Labor costings suggest it will deliver a bigger surplus
The headline is misleading. The costings don’t suggest any such thing – Labor is claiming it will deliver a bigger surplus.
[Bowen claims that] There will be $154 billion in extra revenue over 10 years, coming from five areas of tax reform — franking credits, negative gearing and capital gains tax, trusts, multinationals and accountant deductions, and superannuation concessions;
It is easy to show, that all of the claims are a joke:
- Franking credits: People who weighted their super heavily toward fully-franked shares precisely to have an income in retirement, will be forced to sell their shares and many may end up on the Age pension.
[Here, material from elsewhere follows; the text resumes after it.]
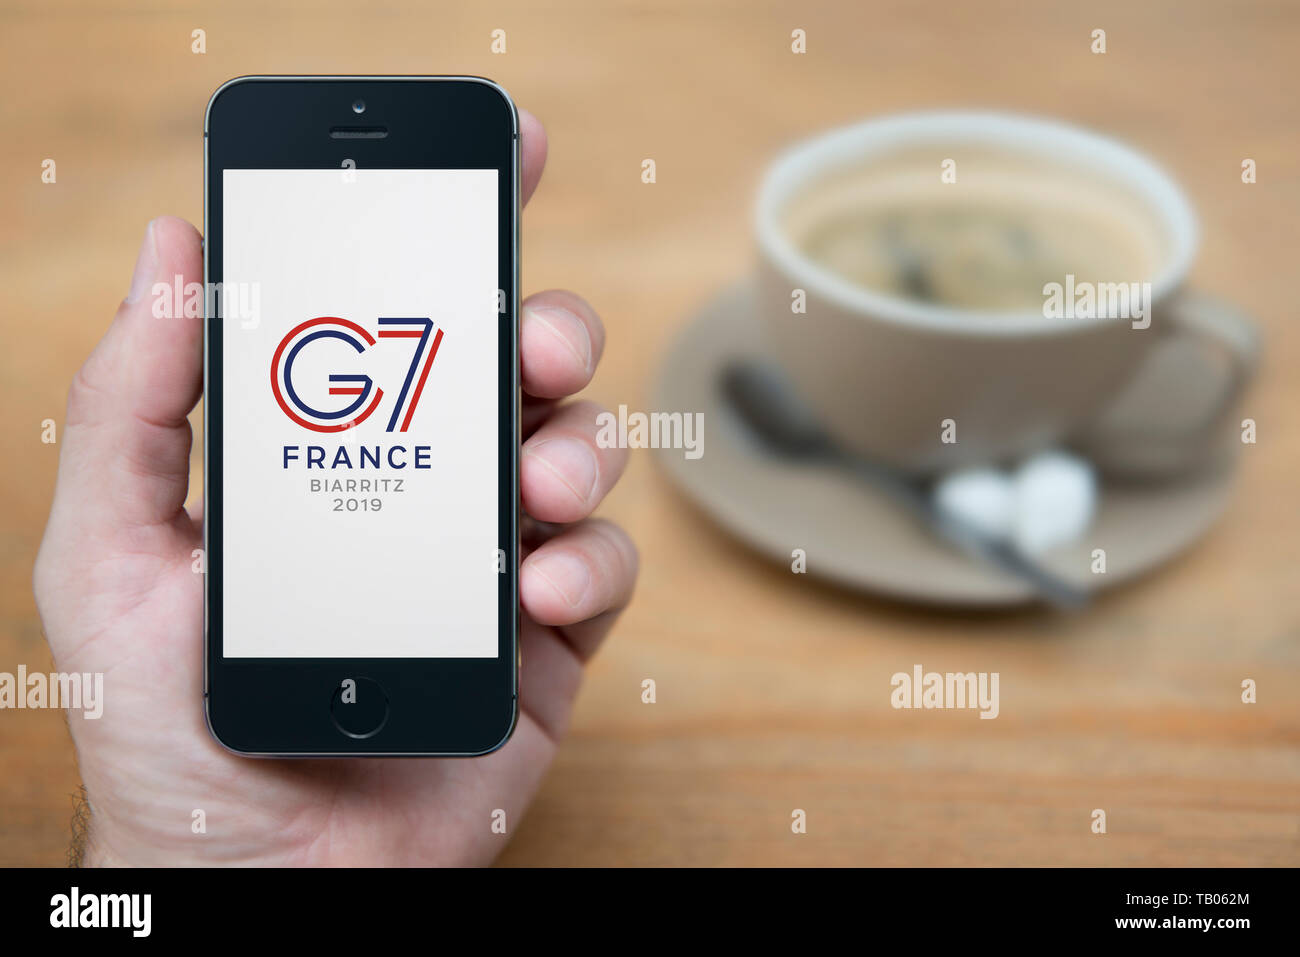 Un homme se penche sur son iPhone qui affiche le G7 France Biarritz logo du Sommet (usage éditorial uniquement). Banque D'Images

The precedent of taxing individuals and SMSFs and not funds or companies will have further side effects.
- [Abolishment of] Negative Gearing and Capital Gains tax [discount]:
In October, independent modelling showed that “Labor’s $32 billion plan to end negative gearing for existing homes and slash the capital gains discount would lead to a fall in new housing construction of up to 42,000 dwellings over five years and 32,000 fewer jobs across the country”, see “Bill’s costings exposed“
- Trusts: Do Bowen and Shorten seriously think that people won’t move their capital out of reach of his grasping socialist claws and into a company structure?
- Multinationals: It is one thing pointing out the profit-shifting taking place and quite another collecting it. Swan was aware of profit-shifting and failed to do anything about it. Hockey started to address it in the only way possible, by agreement with other countries – that doesn’t happen overnight. Australia’s position in the top quartile of taxation of multinationals will result in less foreign investment.
- Accountant deductions: LOL! High income individuals will simply employ their accountants in a company structure.
- Superannuation concessions: A nation’s wealth is built on savings, reinvested into infrastructure, mining, energy, manufacturing and other enterprises. The Shorten team regards *your* savings as their entitlement, to waste on unnecessary welfare and voter bribes. Jobs created by investment of super will *reduce* welfare expenditure.
But Bowen doesn’t even mention the biggest cost of Shorten’s policies: his 45% Renewables policy, which will add 336,000 to the unemployment queue, costing up to $7.5b per annum (with the other job losses, totalling 506,000) and loss of income tax revenue, because unemployed people don’t pay tax.